[Excerpts from a dataset]
[Start of Attachment]

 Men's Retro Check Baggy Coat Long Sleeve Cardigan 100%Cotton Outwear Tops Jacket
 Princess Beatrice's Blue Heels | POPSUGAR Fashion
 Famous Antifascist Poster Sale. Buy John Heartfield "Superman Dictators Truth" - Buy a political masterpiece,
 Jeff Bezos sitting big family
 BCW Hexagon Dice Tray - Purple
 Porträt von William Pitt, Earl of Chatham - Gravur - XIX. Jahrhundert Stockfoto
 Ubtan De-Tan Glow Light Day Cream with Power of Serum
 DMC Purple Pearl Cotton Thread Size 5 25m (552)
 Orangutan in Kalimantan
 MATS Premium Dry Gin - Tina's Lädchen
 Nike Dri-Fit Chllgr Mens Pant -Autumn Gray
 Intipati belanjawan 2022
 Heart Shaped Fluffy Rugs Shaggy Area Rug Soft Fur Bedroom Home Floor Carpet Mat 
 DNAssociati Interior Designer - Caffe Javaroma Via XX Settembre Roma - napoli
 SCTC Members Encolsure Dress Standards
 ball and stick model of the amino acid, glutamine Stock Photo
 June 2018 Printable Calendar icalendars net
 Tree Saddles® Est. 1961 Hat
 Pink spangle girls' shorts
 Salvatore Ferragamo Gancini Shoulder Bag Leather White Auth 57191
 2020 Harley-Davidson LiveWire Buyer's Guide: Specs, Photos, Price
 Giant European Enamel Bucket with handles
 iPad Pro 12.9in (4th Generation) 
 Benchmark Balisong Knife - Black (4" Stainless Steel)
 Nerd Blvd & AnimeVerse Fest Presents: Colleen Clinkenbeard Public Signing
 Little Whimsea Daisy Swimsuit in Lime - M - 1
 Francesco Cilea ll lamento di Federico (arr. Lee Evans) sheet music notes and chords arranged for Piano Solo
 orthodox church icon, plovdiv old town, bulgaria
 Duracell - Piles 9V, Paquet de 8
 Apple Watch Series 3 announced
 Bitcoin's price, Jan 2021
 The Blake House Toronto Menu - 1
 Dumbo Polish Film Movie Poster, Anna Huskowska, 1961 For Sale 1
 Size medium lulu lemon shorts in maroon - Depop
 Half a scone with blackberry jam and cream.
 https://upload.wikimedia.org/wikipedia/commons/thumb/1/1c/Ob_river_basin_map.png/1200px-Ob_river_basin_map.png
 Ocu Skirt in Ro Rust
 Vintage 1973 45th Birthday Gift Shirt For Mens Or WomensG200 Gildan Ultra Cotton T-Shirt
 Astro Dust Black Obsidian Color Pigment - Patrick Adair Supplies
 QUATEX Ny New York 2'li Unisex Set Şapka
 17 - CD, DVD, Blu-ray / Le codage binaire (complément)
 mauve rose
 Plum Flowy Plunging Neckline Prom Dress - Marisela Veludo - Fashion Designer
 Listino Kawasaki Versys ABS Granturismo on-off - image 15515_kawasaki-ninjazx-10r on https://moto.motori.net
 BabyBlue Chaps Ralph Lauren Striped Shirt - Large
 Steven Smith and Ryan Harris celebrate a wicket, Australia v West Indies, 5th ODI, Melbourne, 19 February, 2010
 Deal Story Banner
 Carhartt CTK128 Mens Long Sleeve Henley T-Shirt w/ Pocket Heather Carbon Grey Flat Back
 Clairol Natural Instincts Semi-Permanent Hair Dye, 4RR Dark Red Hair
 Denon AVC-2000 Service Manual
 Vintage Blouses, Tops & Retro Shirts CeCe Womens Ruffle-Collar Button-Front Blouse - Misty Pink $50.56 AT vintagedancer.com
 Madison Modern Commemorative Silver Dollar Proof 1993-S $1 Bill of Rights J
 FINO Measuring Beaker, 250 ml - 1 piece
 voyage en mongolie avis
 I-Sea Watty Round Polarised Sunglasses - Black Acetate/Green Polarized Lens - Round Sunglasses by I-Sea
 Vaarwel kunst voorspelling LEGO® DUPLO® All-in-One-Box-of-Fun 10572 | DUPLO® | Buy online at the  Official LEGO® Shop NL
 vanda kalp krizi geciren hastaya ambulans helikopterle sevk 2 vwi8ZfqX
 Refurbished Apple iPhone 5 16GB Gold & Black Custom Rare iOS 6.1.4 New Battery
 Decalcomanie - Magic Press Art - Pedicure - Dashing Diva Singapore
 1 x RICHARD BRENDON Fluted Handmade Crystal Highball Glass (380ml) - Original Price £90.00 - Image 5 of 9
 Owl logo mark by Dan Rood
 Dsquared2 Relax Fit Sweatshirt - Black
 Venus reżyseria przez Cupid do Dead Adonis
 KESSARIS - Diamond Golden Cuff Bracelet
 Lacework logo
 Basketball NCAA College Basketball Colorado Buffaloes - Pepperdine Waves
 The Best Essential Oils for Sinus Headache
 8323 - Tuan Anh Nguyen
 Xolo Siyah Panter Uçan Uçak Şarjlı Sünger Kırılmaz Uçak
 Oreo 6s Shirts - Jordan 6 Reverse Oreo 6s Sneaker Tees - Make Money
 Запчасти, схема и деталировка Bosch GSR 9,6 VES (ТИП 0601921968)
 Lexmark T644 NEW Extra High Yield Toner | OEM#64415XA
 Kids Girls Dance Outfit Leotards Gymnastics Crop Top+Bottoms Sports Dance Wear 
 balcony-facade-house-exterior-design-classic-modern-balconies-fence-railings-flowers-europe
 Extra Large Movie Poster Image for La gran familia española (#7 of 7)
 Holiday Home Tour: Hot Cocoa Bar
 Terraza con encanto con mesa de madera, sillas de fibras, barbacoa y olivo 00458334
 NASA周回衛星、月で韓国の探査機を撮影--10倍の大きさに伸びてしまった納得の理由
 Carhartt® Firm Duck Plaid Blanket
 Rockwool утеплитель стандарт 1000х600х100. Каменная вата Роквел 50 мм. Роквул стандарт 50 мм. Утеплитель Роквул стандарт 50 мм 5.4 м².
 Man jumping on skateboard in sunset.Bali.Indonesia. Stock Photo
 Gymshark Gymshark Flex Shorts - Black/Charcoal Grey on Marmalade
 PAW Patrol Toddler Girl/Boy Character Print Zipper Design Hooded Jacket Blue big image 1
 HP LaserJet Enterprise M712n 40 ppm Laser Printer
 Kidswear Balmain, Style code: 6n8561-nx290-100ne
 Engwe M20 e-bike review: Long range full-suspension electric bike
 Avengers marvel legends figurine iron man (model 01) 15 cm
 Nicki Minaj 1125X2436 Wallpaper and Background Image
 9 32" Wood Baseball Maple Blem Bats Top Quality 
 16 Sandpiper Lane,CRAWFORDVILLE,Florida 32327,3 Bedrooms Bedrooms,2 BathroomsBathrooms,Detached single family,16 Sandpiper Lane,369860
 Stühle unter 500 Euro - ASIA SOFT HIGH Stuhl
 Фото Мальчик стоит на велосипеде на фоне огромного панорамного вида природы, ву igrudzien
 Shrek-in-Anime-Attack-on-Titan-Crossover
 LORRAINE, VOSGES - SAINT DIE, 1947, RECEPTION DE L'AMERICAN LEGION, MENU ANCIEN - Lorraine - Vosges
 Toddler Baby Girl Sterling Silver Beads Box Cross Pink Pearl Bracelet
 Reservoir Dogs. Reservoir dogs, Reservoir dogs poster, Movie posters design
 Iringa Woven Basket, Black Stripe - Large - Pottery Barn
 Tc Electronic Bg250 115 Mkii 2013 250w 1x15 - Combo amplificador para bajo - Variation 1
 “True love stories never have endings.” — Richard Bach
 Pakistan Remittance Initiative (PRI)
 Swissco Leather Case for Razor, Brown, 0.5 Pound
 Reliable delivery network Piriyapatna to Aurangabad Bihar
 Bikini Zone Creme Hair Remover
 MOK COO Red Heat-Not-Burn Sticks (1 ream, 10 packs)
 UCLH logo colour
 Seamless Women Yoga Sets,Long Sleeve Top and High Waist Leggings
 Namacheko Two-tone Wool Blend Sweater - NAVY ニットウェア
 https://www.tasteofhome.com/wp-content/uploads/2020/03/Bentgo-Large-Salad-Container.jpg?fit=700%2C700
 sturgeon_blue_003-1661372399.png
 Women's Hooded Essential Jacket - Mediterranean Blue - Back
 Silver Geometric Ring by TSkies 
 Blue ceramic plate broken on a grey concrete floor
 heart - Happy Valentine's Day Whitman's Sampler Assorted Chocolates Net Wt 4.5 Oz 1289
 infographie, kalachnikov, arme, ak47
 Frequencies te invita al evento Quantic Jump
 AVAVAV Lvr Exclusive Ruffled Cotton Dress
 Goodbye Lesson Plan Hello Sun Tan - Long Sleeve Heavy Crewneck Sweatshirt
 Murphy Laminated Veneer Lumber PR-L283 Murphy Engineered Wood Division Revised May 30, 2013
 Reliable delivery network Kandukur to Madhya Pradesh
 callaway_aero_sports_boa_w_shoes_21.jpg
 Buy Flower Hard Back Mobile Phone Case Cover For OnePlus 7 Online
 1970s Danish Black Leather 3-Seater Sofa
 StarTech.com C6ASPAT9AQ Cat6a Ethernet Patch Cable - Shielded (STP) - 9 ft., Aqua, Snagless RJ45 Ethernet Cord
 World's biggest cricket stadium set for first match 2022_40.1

[End of Attachment]

Repeat exactly the lines of the data from the first one through the line with "Orangutan in Kalimantan", both of them included.

 Men's Retro Check Baggy Coat Long Sleeve Cardigan 100%Cotton Outwear Tops Jacket
 Princess Beatrice's Blue Heels | POPSUGAR Fashion
 Famous Antifascist Poster Sale. Buy John Heartfield "Superman Dictators Truth" - Buy a political masterpiece,
 Jeff Bezos sitting big family
 BCW Hexagon Dice Tray - Purple
 Porträt von William Pitt, Earl of Chatham - Gravur - XIX. Jahrhundert Stockfoto
 Ubtan De-Tan Glow Light Day Cream with Power of Serum
 DMC Purple Pearl Cotton Thread Size 5 25m (552)
 Orangutan in Kalimantan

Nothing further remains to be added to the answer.